Once we receive your request and verify your identity (see Exercising Access, Data Portability, and Deletion Rights), we will disclose to you:

For Right to Know requests:

  • The categories of personal information we collected about you.
  • The categories of sources for the personal information we collected about you.
  • Our business or commercial purpose for collecting or selling that personal information.
  • The categories of third parties with whom we share that personal information.
  • If we sold or disclosed your personal information for a business purpose, two separate lists disclosing:
    • Sales, identifying the personal information categories that each category of recipient purchased; and
    • Disclosures for a business purpose, identifying the personal information categories that each category of recipient obtained.

For requests for specific pieces of personal information:

  • The specific pieces of personal information we collected about you (also called a data portability request). We will not disclose your health insurance or medical identification number or your account password or security question or answers. We will also not provide this information if the disclosure would create a substantial, articulable, and unreasonable risk to your personal information, your account with Concierge MD, or the security of our systems or networks.

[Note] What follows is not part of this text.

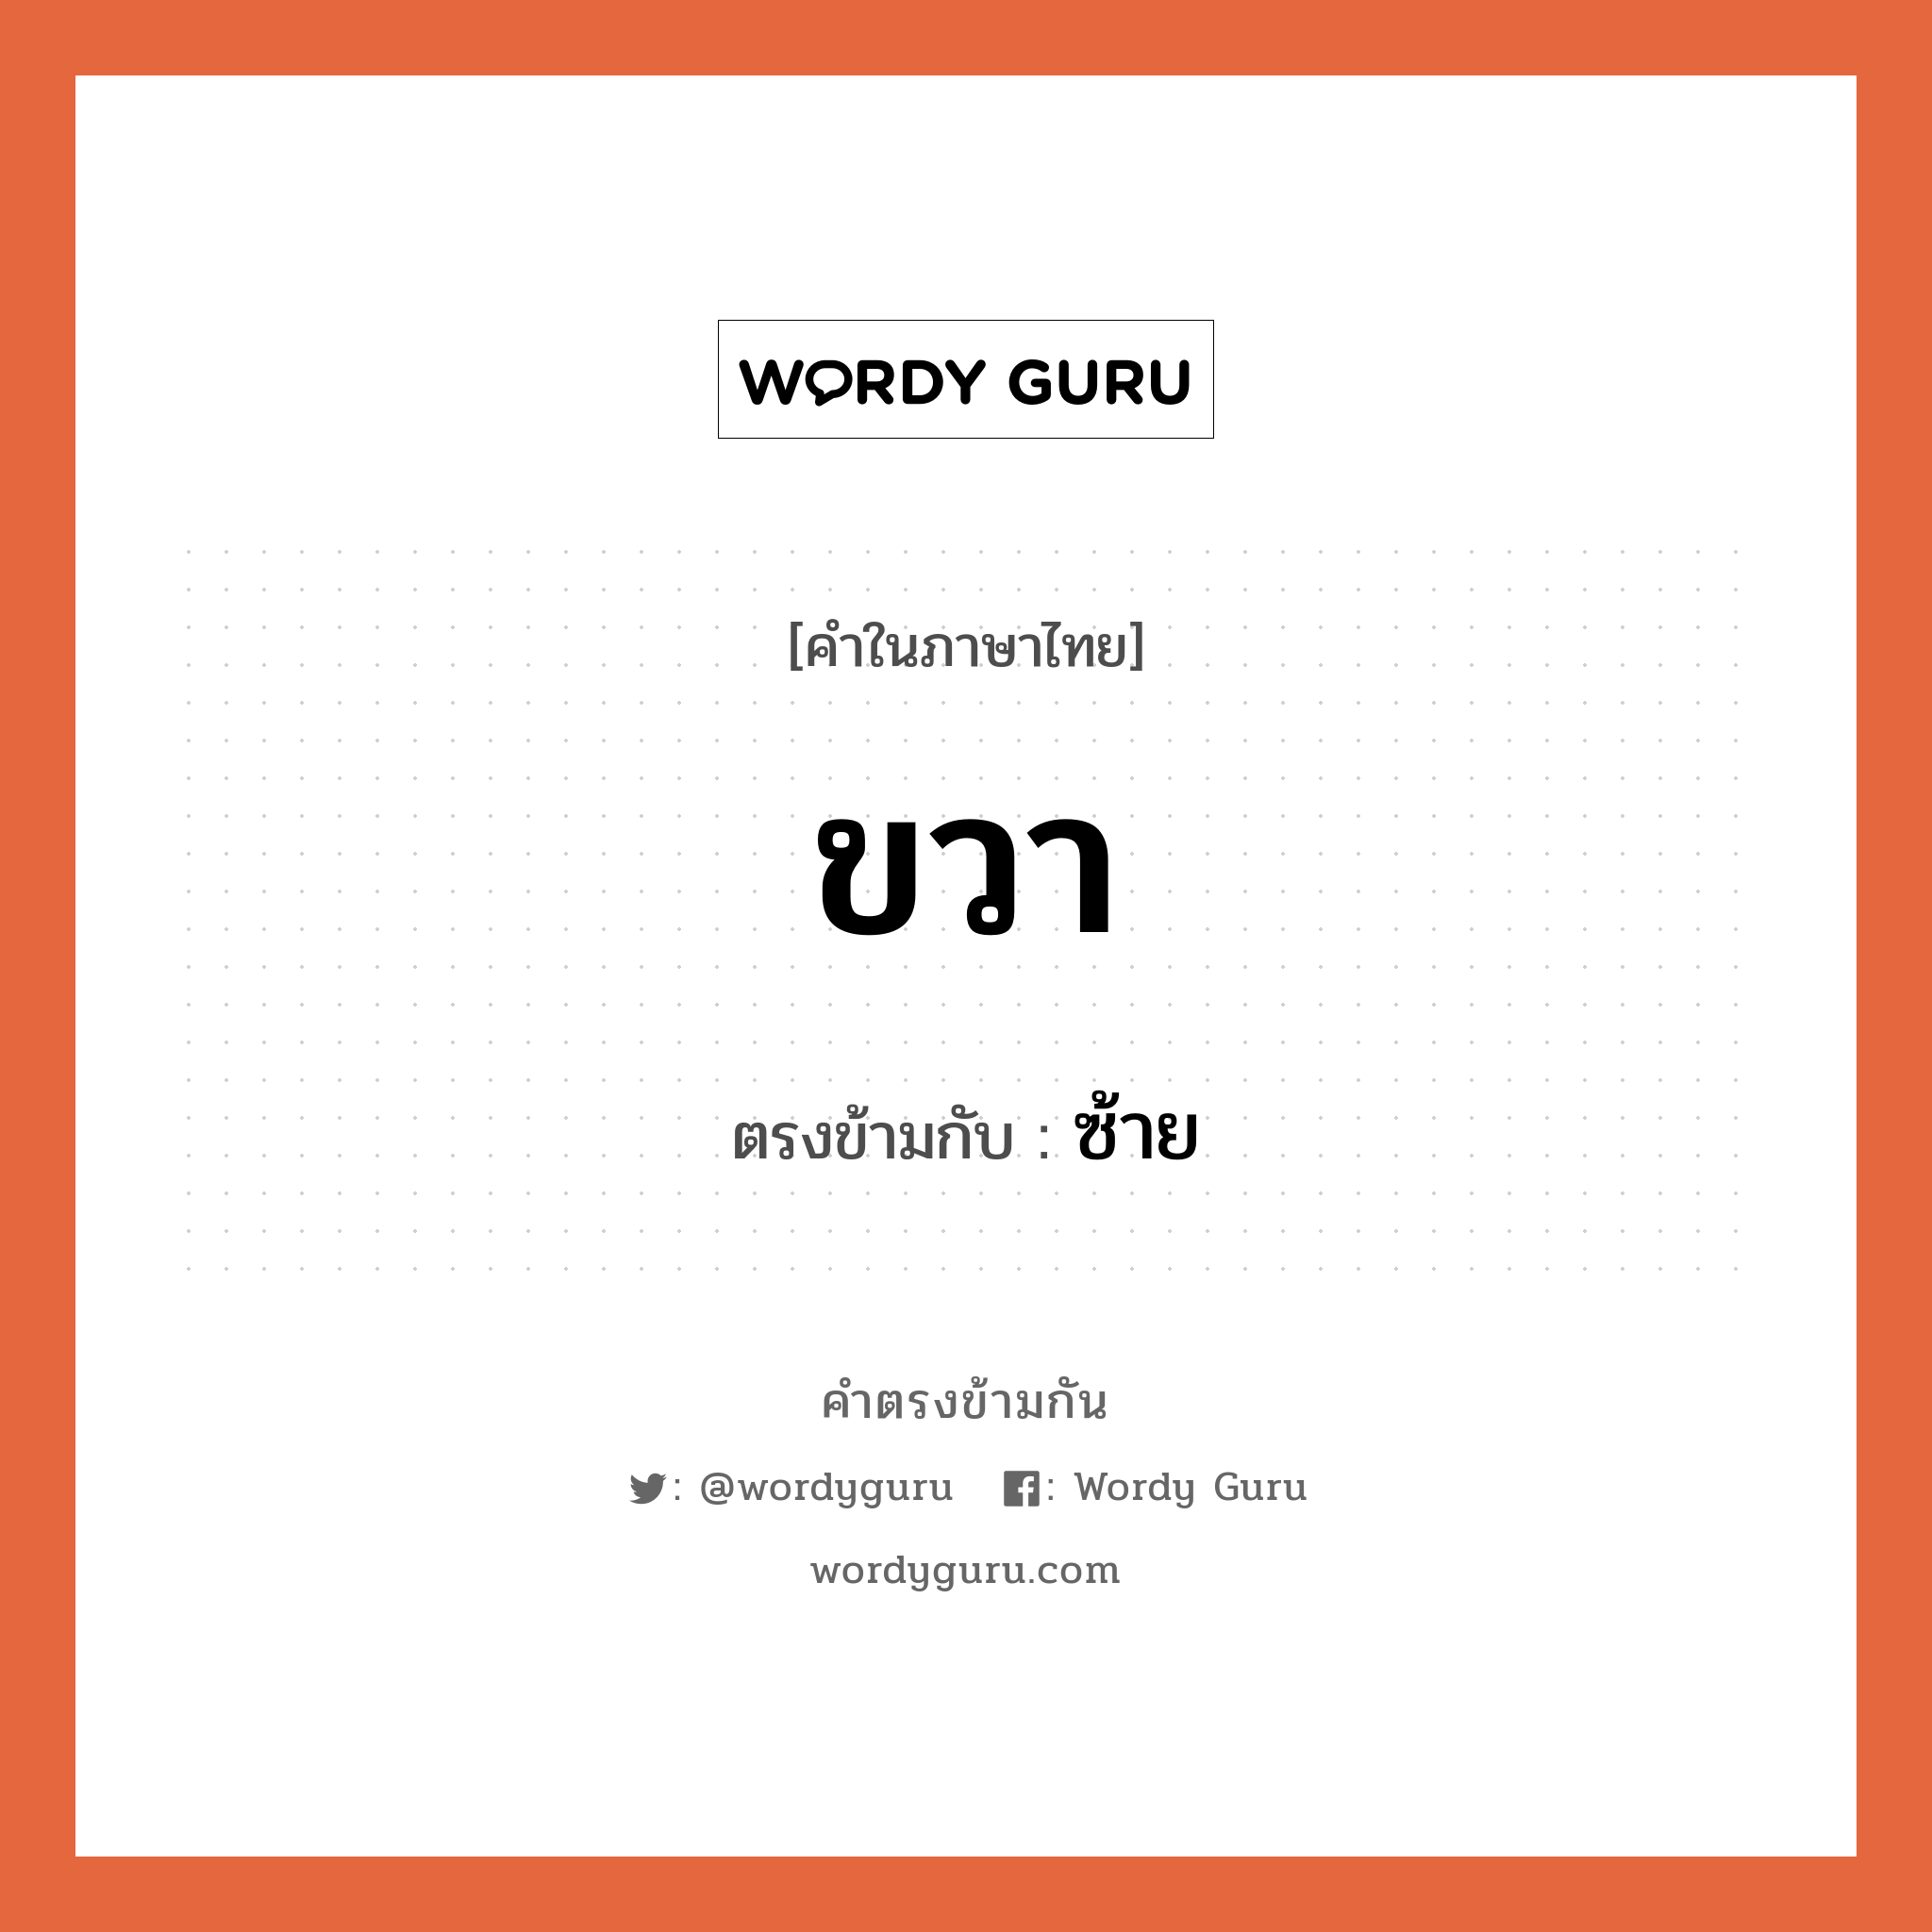 ขวา เป็นคำตรงข้ามกับคำไหนบ้าง?, คำในภาษาไทย ขวา ตรงข้ามกับ ซ้าย หมวด ซ้าย

We do not provide these access and data portability rights for B2B personal information.

Deletion Request Rights

You have the right to request that Concierge MD delete any of your personal information that we collected from you and retained, subject to certain exceptions. Once we receive and confirm your verifiable consumer request (see Exercising Access, Data Portability, and Deletion Rights), we will delete (and direct our service providers to delete) your personal information from our records, unless an exception applies.

We may deny your deletion request if retaining the information is necessary for us or our service provider(s) to:

  1. Complete the transaction for which we collected the personal information, provide a good or service that you requested, take actions reasonably anticipated within the context of our ongoing business relationship with you, or otherwise perform our contract with you.
  2. Detect security incidents, protect against malicious, deceptive, fraudulent, or illegal activity, or prosecute those responsible for such activities.
  3. Debug products to identify and repair errors that impair existing intended functionality.
  4. Exercise free speech, ensure the right of another consumer to exercise their free speech rights, or exercise another right provided for by law.
  5. Comply with the California Electronic Communications Privacy Act (Cal. Penal Code § 1546 seq.).
  6. Engage in public or peer-reviewed scientific, historical, or statistical research in the public interest that adheres to all other applicable ethics and privacy laws when the information’s deletion may likely render impossible or seriously impair the research’s achievement, if you previously provided informed consent.
  7. Enable solely internal uses that are reasonably aligned with consumer expectations based on your relationship with us.
  8. Comply with a legal obligation.
  9. Make other internal and lawful uses of that information that are compatible with the context in which you provided it.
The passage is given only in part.